While searching Google for “SEO experts,” this article caught my eyes: 9 SEO Experts To Follow In 2018. While a bit out of date, we might still use the list and check whether SEO-speech is really thing.
Here is Venessa Fox.
The article describes her as “one of the creators of Google’s Webmaster Central, the firm’s official blog on crawling and indexing the Web.” She has also created ‘Google’s Search Console’ and ‘Google Analytics’, two of the most prominent resources for SEO specialists today. She also has a great name. But, we will ask. Does she slur?
Let’s check it out
While some might disagree and say that she is merely sporting an accent, I would say that her manner of talking is SEO-speech per se. The incomplete articulation; the word “areas” pronounced “eras”; and the bland, monotonous cadence. Fox mostly uses no more than a couple of tones when speaking. She scrunches her words into similar sounding bites. Here are all the products of working in SEO.
SEO’s Repetitiveness Dissolves Word Meaning
I also want to claim that the more actual SEO work anybody does, the more it impacts their speech. That is because an SEO expert’s job is repetitive. There are many best practices to employ for an SEO specialist, and most of them are known to help in the final aim of promoting a website. Sadly, this means that in order to beat their competitors, SEO specialists must be consumed with the processes of forgetting word meanings and word contexts. In other words, the more the SEO expert is invests in the field’s best practices, the greater their danger of losing touch with regular speech.
How about some more examples?
Still from the article, here is Eric Enge.
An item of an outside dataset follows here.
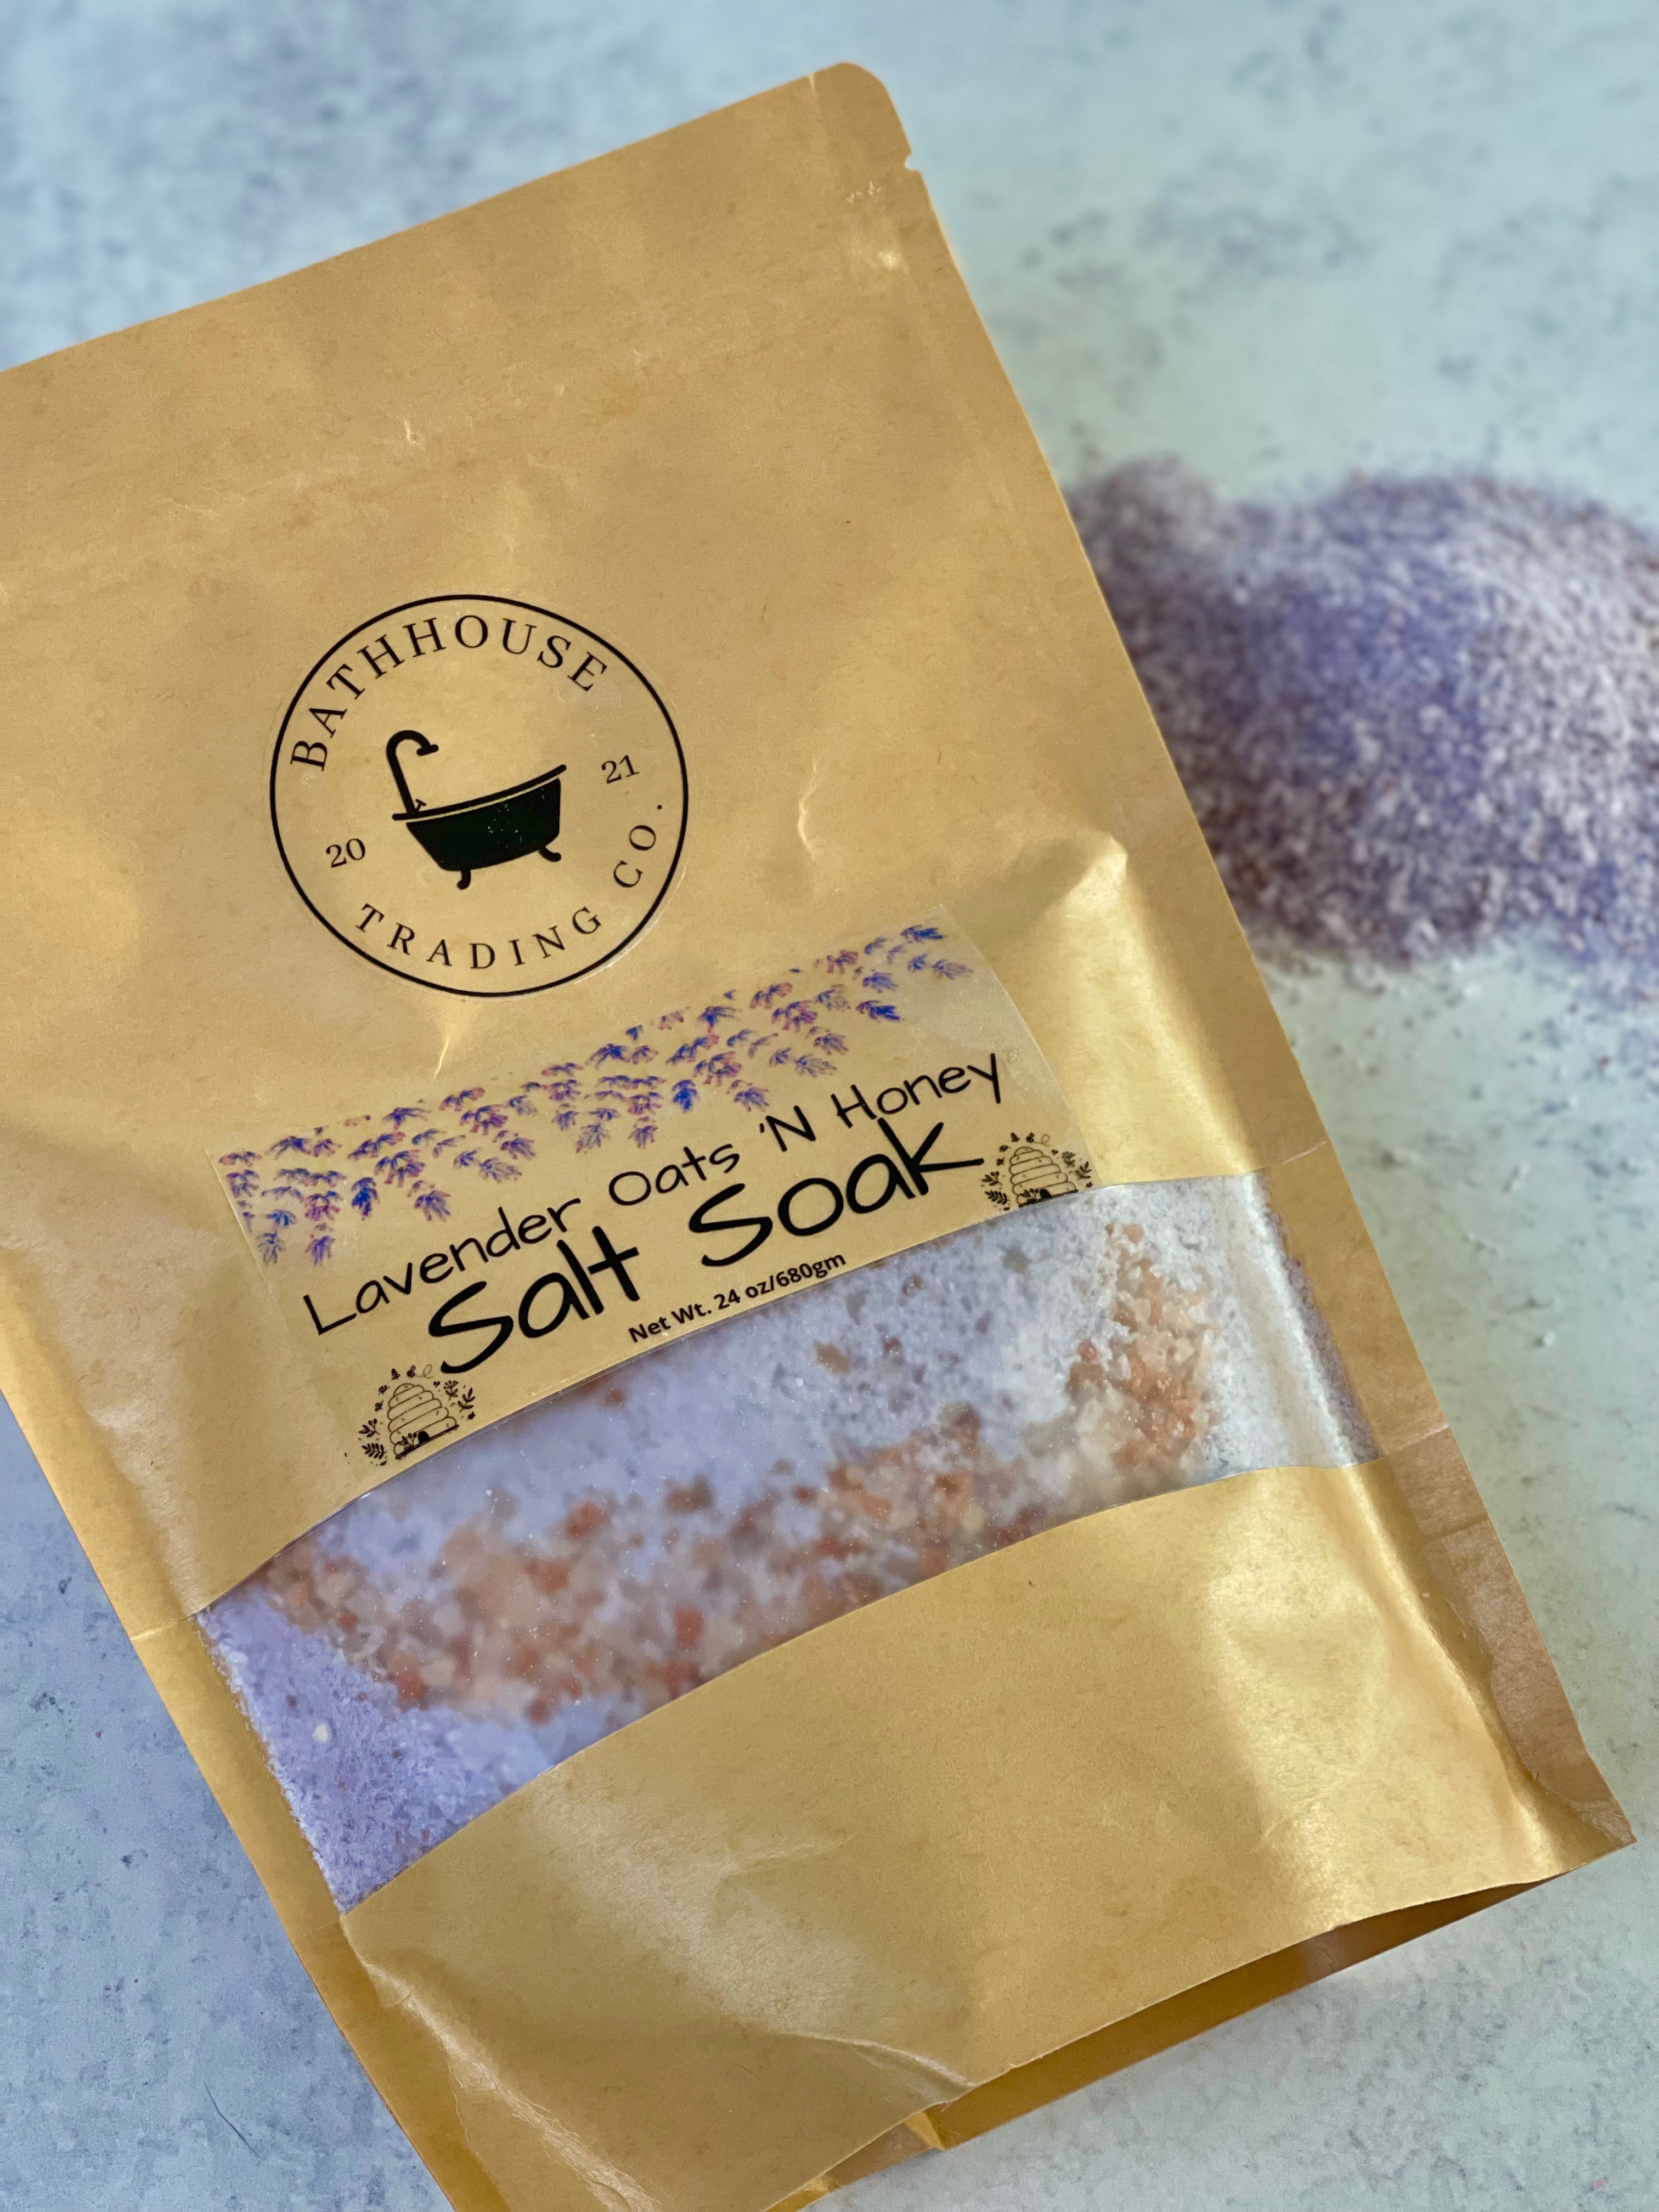 Lavender Oats 'N Honey Salt Soak Bath Additives Bathhouse Trading Company

The article tells me Enge’s Agency “is one of the SEO sector’s established leaders, with a team of more than 70 analysts and technical personnel.” Like all other videos in this post, this is the first video of Enge I found and used, so that no one could accuse me of cherry-picking my data. So the question remains, does he slur?
Boy does he.
Besides using multi-colored markers for his whiteboard and using a classic YouTube thumbnail with a surprised look on his face (and a pair of sneakers on his hands for some reason), Enge slurs royally. He exchanges his V’s for W’s and scrunches up words into an incoherent mess.
Can we say I’m right, or should we look at another example?
Why not do both?
Here is Barry Schwartz.
The article describes him as “the founder of Search Engine Roundtable, the new editor at Search Engine Land, and host of the annual Search Marketing Expo in Israel.”
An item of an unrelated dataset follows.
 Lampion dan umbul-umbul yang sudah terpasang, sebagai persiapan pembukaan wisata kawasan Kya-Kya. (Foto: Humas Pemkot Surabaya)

The article refers to Schwartz as a prolific contributor to these platforms. Therefore, we can expect some mush-mouthed gems here. Let’s watch.
Wow. That was horrible.
I mean wonderful.
The Medium is the Message Reversed
SEO’s influence on speech patterns is a test case for the susceptibility of human minds to repeated exposure to a particular medium. It reveals how our use of words is not only a tool to shape consciousness but can manipulate us in the process.
In his 1985 book, Amusing Ourselves to Death, Neil Postman argues that television has replaced the written word with images and created a new, visual metaphor for perceiving reality. I view SEO’s effect on speech as reassuring proof that language is not under our dominion entirely. I believe language has a function humans must fulfill, which involves assigning meaning to the world.
When human beings try to emulate the workings of a computer, as with the field of Search Engine Optimization, they are limiting their scope of expressiveness. SEO-speech is what happens when a new medium comes along and humans try to speak its language. A computer does not assign significance to words. It does not perk its ears at the hint of a familiar sound. The result of this limitation is an inability to speak and convey meaning.
SEO slurring should be a lesson against becoming too embedded with media. The desire to control a medium cannot be done by copying its ways. We might learn to control it only, as Postman concludes in his book, by learning to recognize how it affects us.